A zero-indexed array A consisting of N integers is given. It contains daily prices of a stock share for a period of N consecutive days. If a single share was bought on day P and sold on day Q, where 0 ≤ P ≤ Q < N, then the profit of such transaction is equal to A[Q] − A[P], provided that A[Q] ≥ A[P]. Otherwise, the transaction brings loss of A[P] − A[Q].
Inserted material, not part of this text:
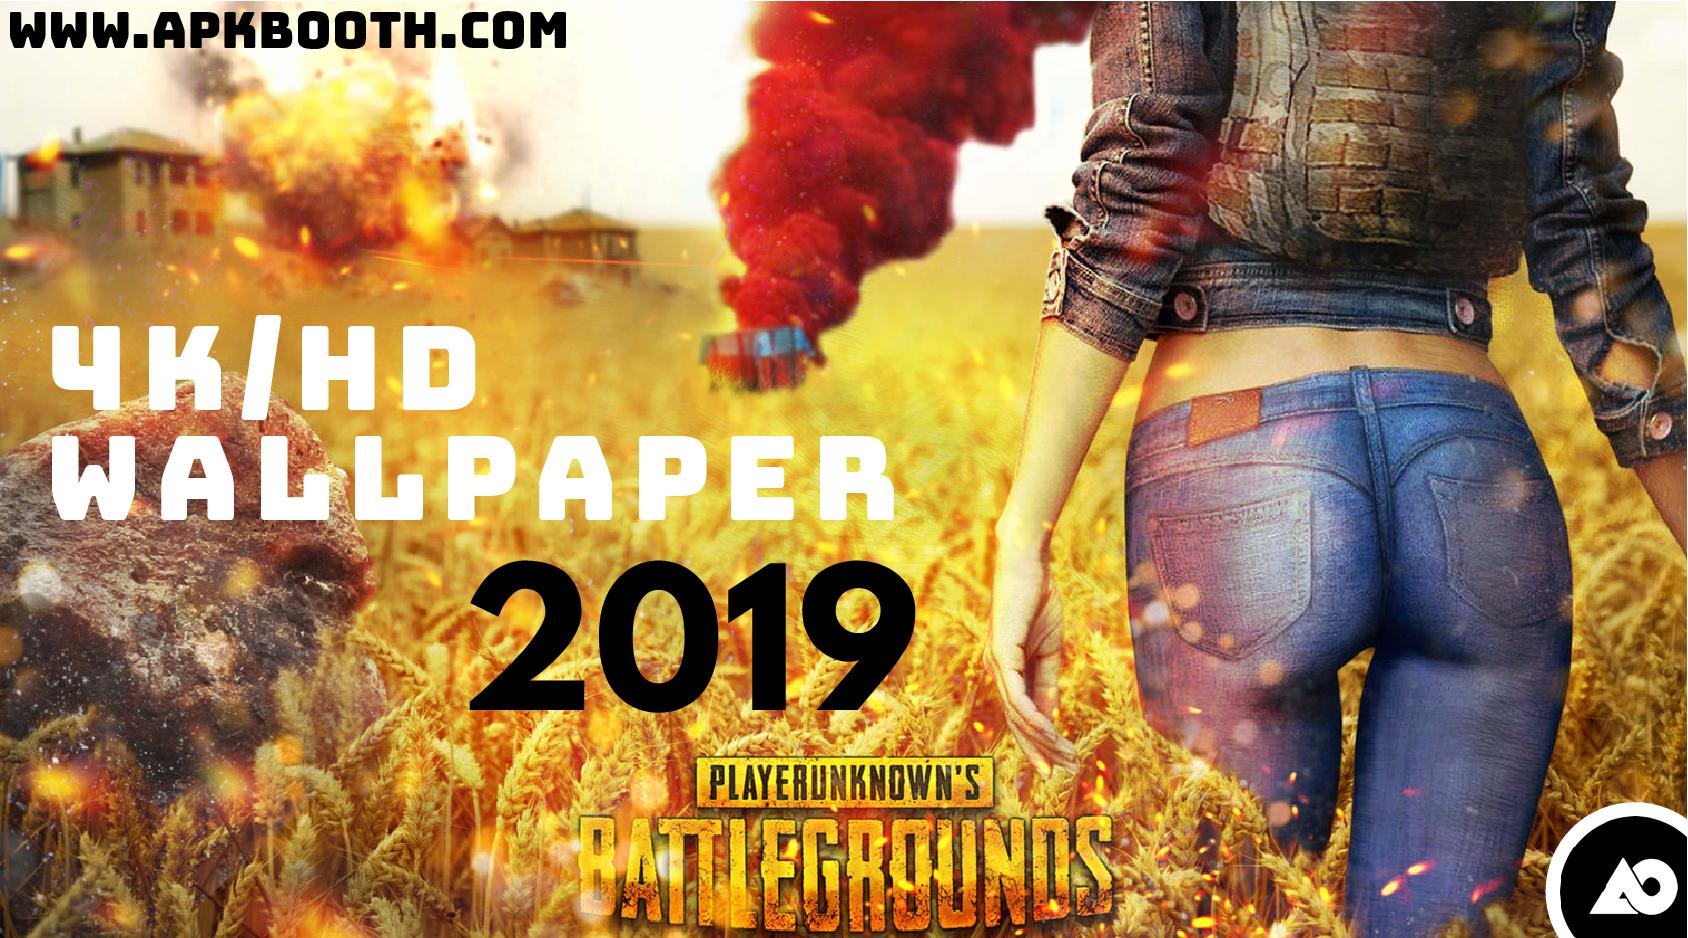 PUBG Wallpaper 4KHD of 2019 Download 1688x938

For example, consider the following array A consisting of six elements such that:
A[0] = 23171 A[1] = 21011 A[2] = 21123 A[3] = 21366 A[4] = 21013 A[5] = 21367 If a share was bought on day 0 and sold on day 2, a loss of 2048 would occur because A[2] − A[0] = 21123 − 23171 = −2048. If a share was bought on day 4 and sold on day 5, a profit of 354 would occur because A[5] − A[4] = 21367 − 21013 = 354. Maximum possible profit was 356. It would occur if a share was bought on day 1 and sold on day 5.
Write a function,
class Solution { public int solution(int[] A); }
that, given a zero-indexed array A consisting of N integers containing daily prices of a stock share for a period of N consecutive days, returns the maximum possible profit from one transaction during this period. The function should return 0 if it was impossible to gain any profit.
For example, given array A consisting of six elements such that:
A[0] = 23171 A[1] = 21011 A[2] = 21123 A[3] = 21366 A[4] = 21013 A[5] = 21367 the function should return 356, as explained above.
Assume that:
N is an integer within the range [0..400,000]; each element of array A is an integer within the range [0..200,000]. Complexity:
expected worst-case time complexity is O(N); expected worst-case space complexity is O(1), beyond input storage (not counting the storage required for input arguments).